Título: O Ipea e a estimativa do PIB
Autor: Antonio Delfim Netto
Fonte: Valor Econômico, 15/03/2005, Brasil, p. A2

Falando francamente, a nova estimativa do Ipea que reduz o crescimento do PIB em 2005 para 3,5% deve ser vista com muito cuidado. As estimativas do PIB de 2004, feitas pelo mercado financeiro no primeiro trimestre do ano (com raríssimas exceções) não passavam de 3,5% inclusive a do Ipea, que era de 3,4%, como se vê na tabela. Os erros (sistemáticos) são imensos.

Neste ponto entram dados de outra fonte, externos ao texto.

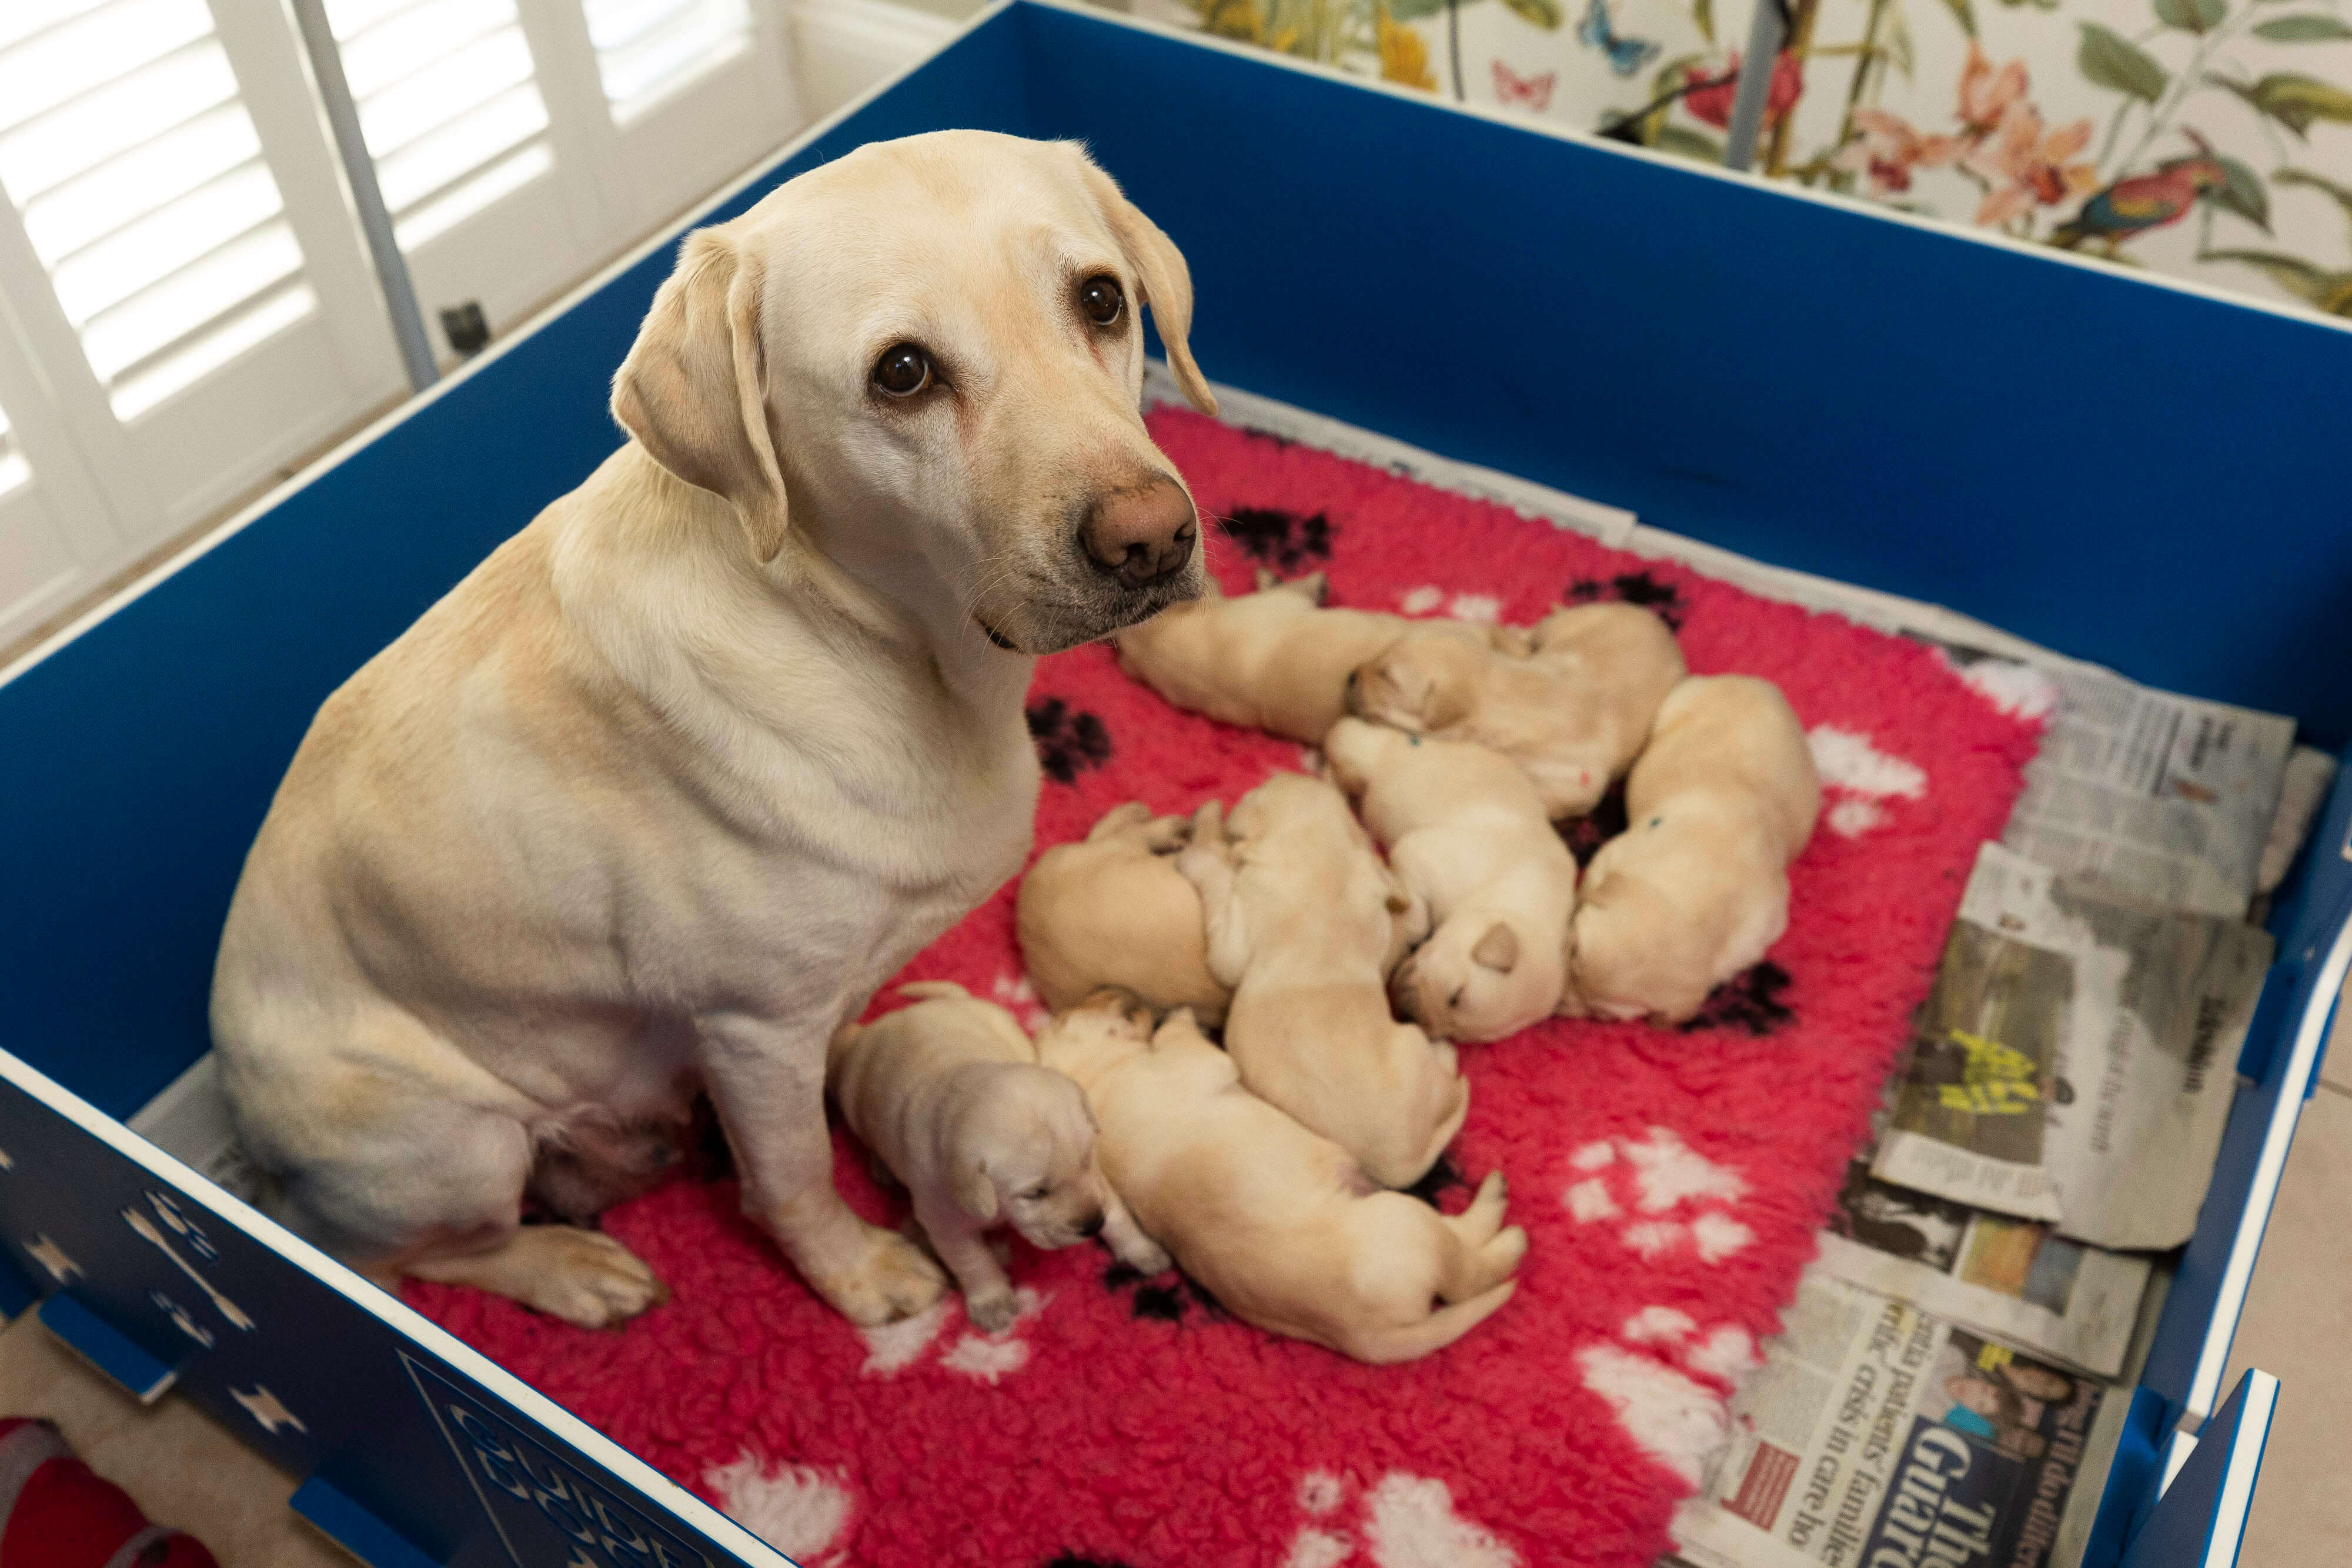 Guide dog mum Sylvia and her litter of eight yellow Labrador puppies at three-weeks-old. The puppies sleep piled up on a red fleece blanket in a blue whelping box, as Sylvia sits and looks up at the camera.

No Boletim nº 66, de setembro, com dados conhecidos até agosto (3/4 do ano), a estimativa do Ipea para o crescimento para o ano ainda era de 4,6% (com erro relativo de 12%). Todos sabemos que as estimativas do PIB são sempre muito difíceis, mas deve haver alguma razão objetiva (ou talvez subjetiva) para a estimativa de 3,5%.

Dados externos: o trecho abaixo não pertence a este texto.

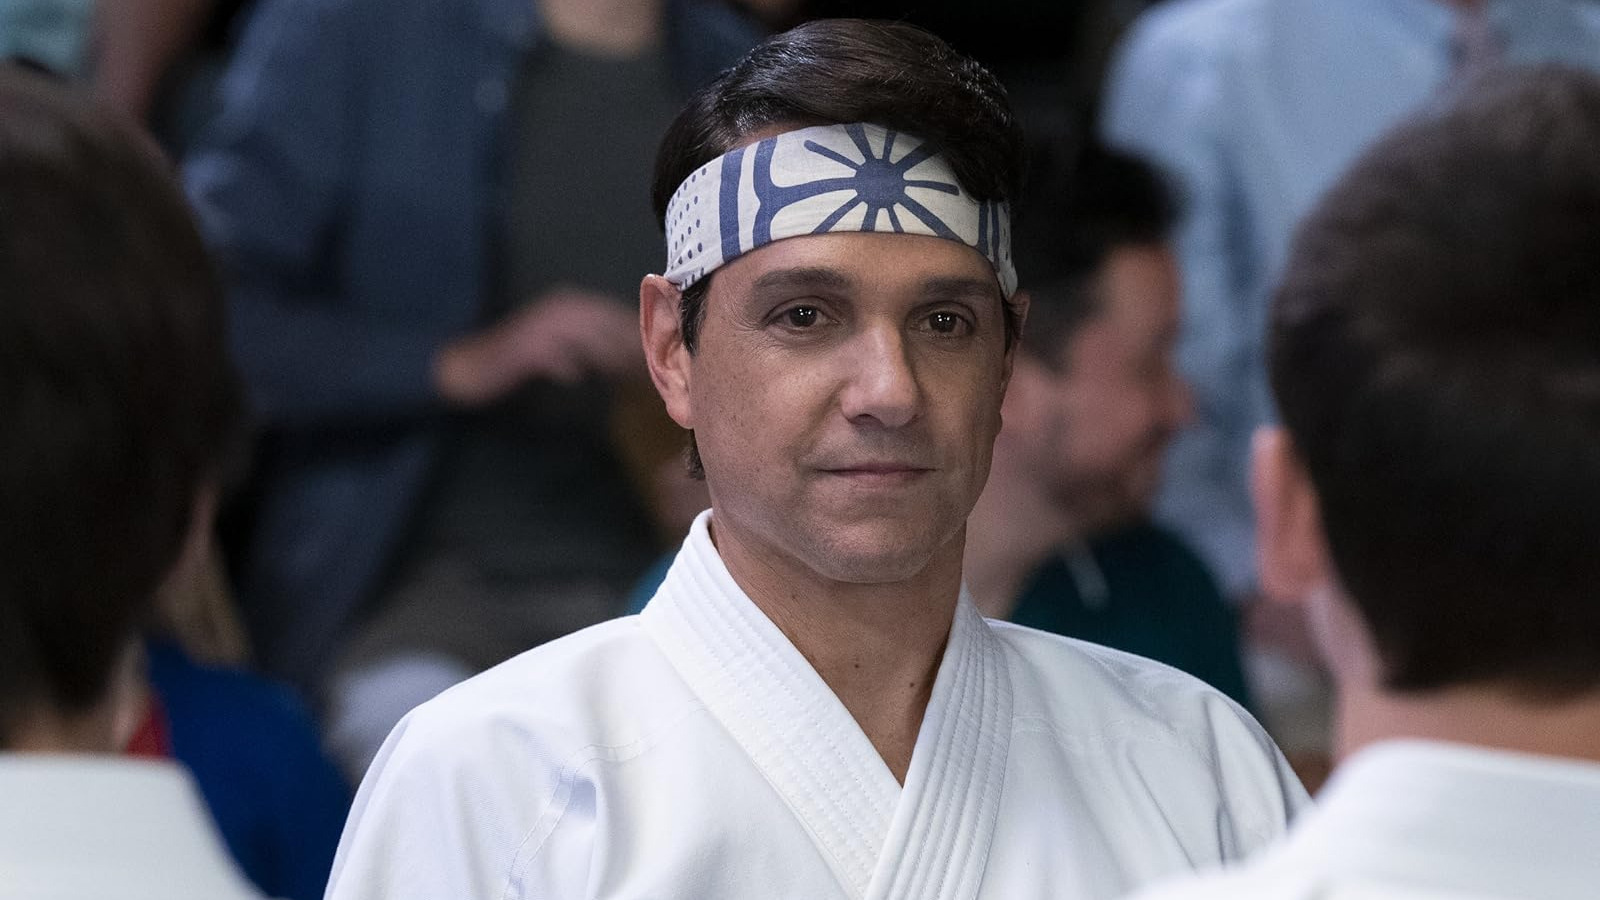 Cobra Kai' Cast - List of Characters In Karate Kid Spin-Off

A tabela anterior mostra que nos três últimos trimestres, a velocidade de cruzeiro do PIB foi de 5,5%. A redução do crescimento no quarto trimestre sobre o seu homólogo do ano anterior é estacional e fato mais do que corriqueiro. Um crescimento de 5,5% ao longo de nove meses deveria ter produzido uma tremenda aceleração da inflação se o metafísico "produto potencial" fosse mesmo de 3,5% como sempre afirmou o Banco Central, secundado por inúmeros tarometristas. A tabela abaixo compara o crescimento e a taxa de inflação nos últimos dois anos recusando tal hipótese.

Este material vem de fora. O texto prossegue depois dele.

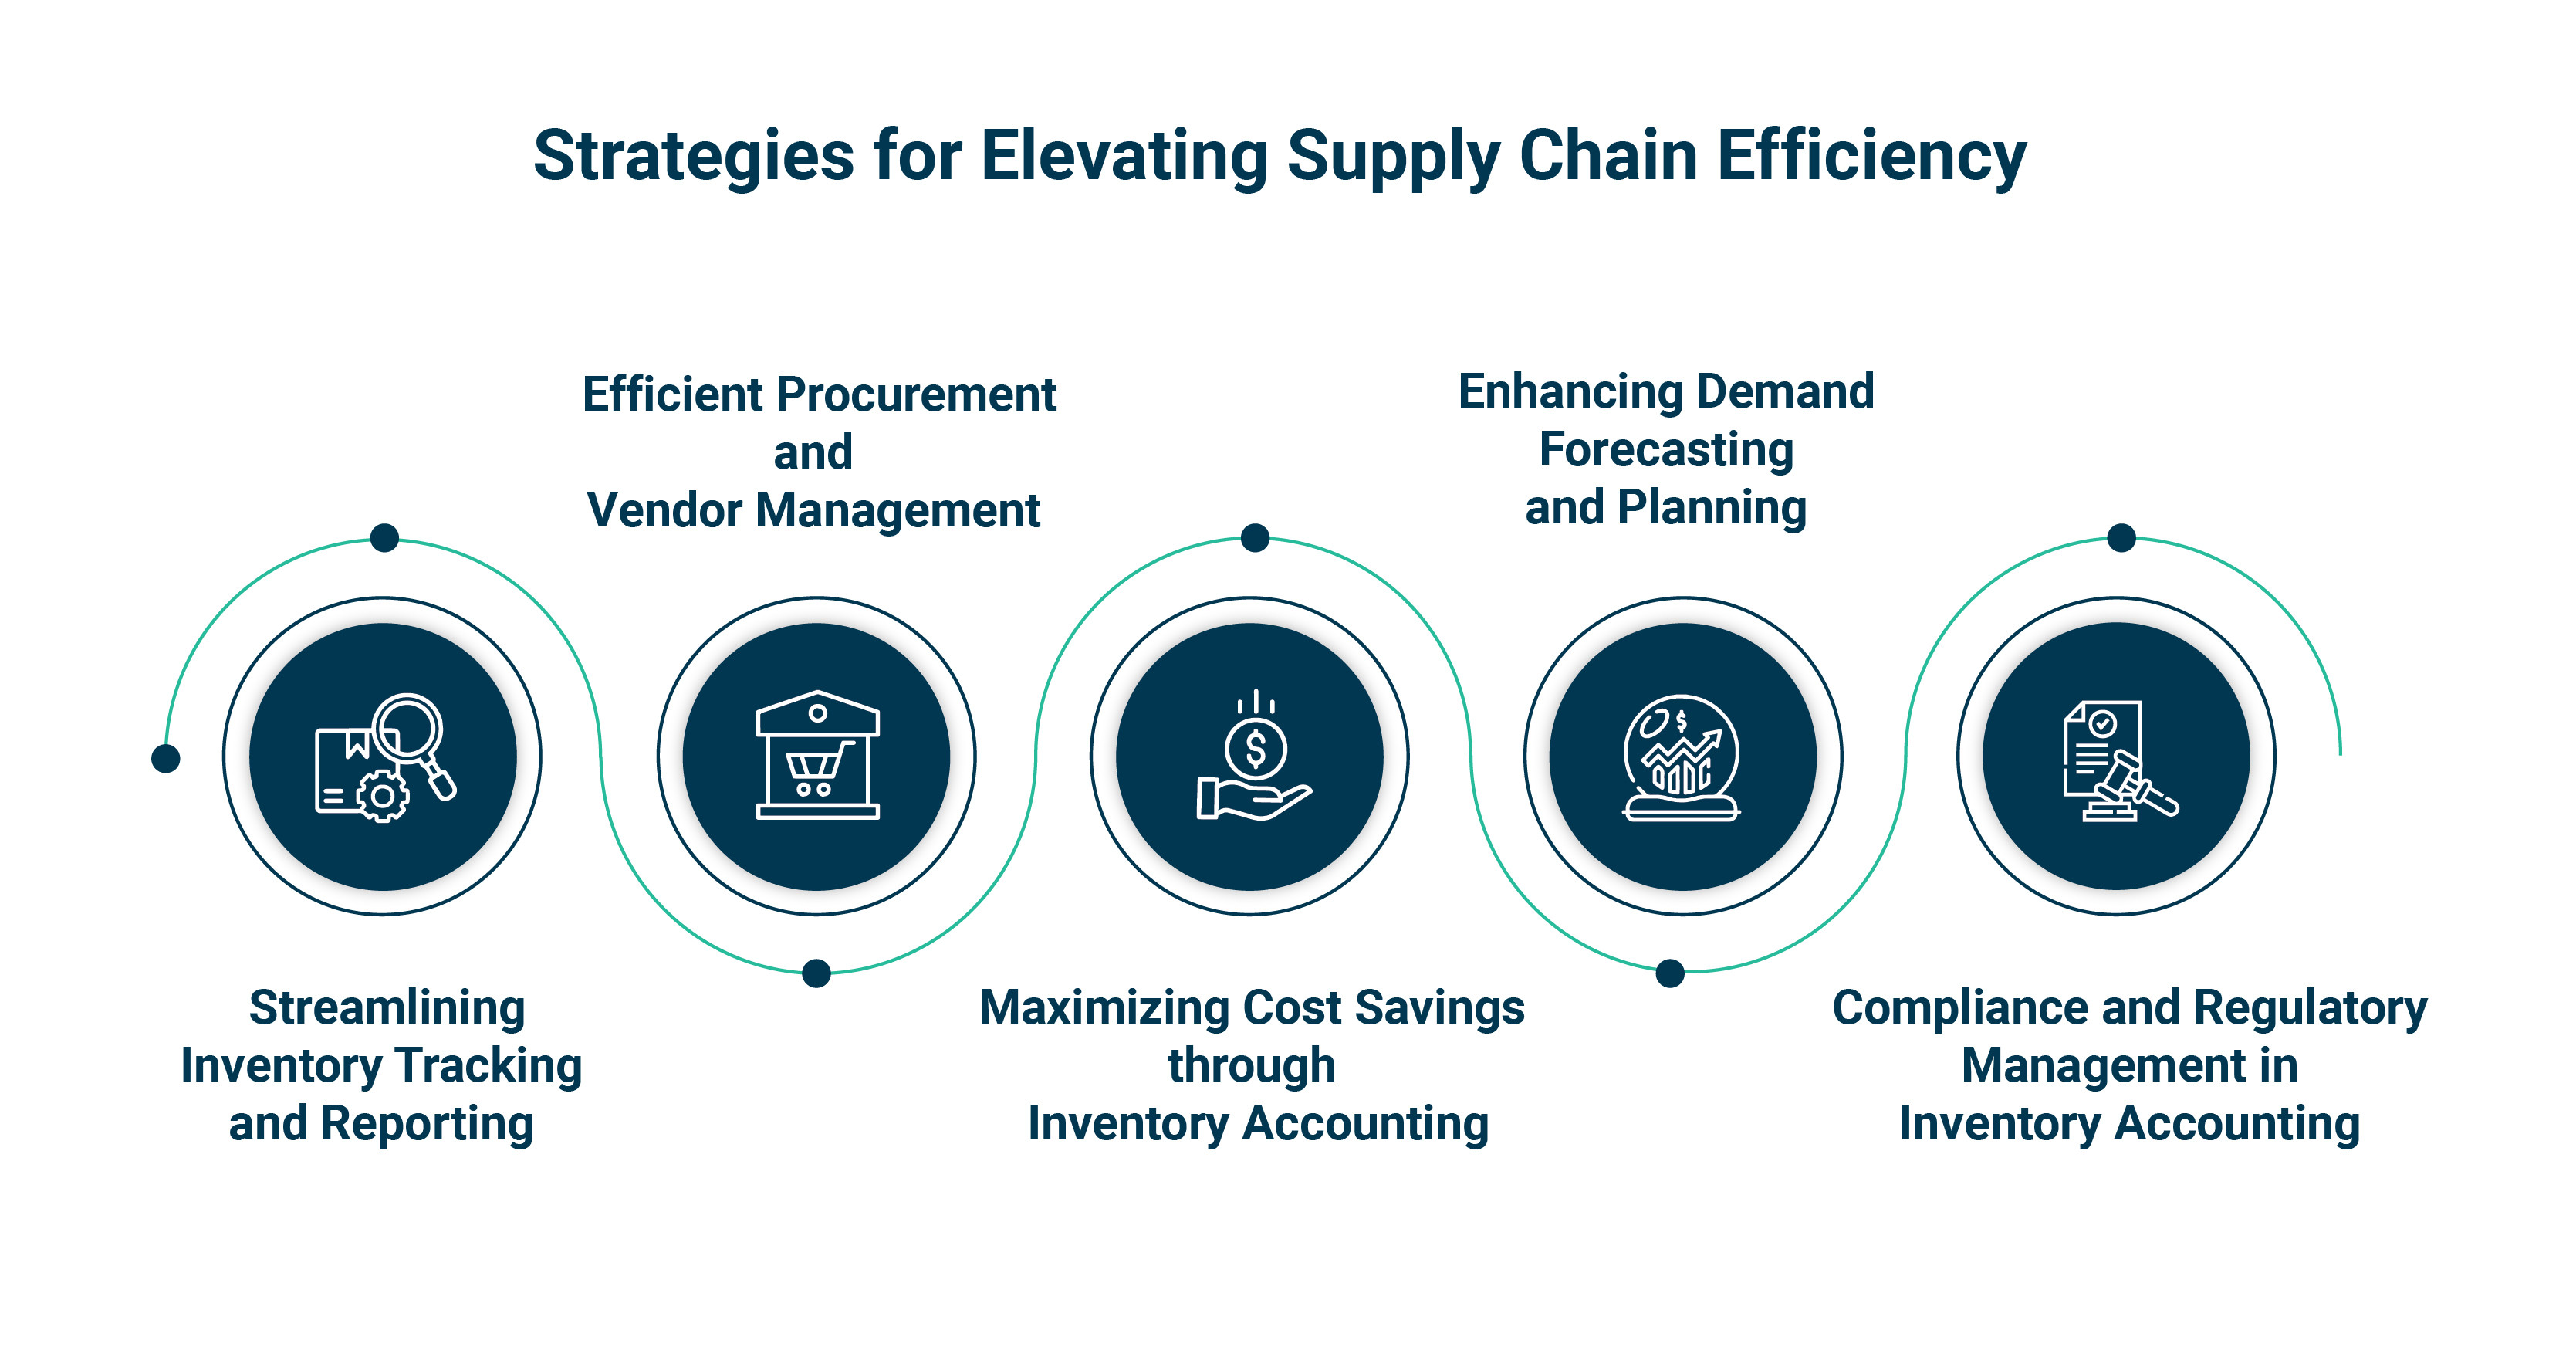  Strategies for Elevating Supply Chain Efficiency

A partir de setembro o Copom passou a aumentar mensalmente a taxa Selic. Desde então ela foi elevada em 275 pontos-base, ou seja, 2,75% (de 16% para 18,75%). Um fato curioso (mas sem maior importância) é que se olharmos para os países que contam na economia mundial desde junho de 2004, trata-se do segundo maior aumento do mundo (o México foi o primeiro). A primeira justificativa dos que crêem (no sentido augustiniano) que o "produto potencial" é um número fixo e econometricamente apalpável (quer por um "filtro", seja ele qual for, ou por uma função de produção, seja ela qual for) é que aquele resultado só foi possível porque existia "capacidade ociosa", o que é verdade. Mais verdadeiro, ainda, é a existência em todas as empresas do que Henry Leibenstein chamou de X-Efficiency. O equilíbrio da empresa não se faz naturalmente com a maior eficiência técnica, com a minimização dos custos ou a maximização da receita líquida, mas por uma "acomodação dos trabalhadores no nível de esforço que lhes dá algum conforto". É por isso que o empresário (que não existe nos "filtros" ou na "função de produção") faz a diferença. Respondendo ao estímulo contemporâneo da demanda, ele eleva o grau de controle (eleva a produtividade homem/hora) e, dependendo da perspectiva de continuidade da demanda no futuro (que ultrapassará sua capacidade de "arranjo interno") ele iniciará novo investimento.

Qual será o crescimento de 2005, depende de inúmeros fatores internos e externos. Uma economia crescendo à "velocidade de cruzeiro" de 5% com enorme possibilidade de aumentar suas importações, com a mobilização creditícia recém-criada, com a melhoria do salário, da renda global e com a melhoria dos investimentos, só aterrissará em 3,8% (como parecem sugerir o Ipea e o Copom) se for cortado o seu combustível pela política interna de juros ou um acidente externo. Greenspan aumenta o juro cuidadosamente para atingir o juro real de equilíbrio que mantém a economia americana crescendo a 4%; Meirelles aumenta o juro porque acredita que não podemos crescer mais do que 3,5%. São duas concepções absolutamente antagônicas.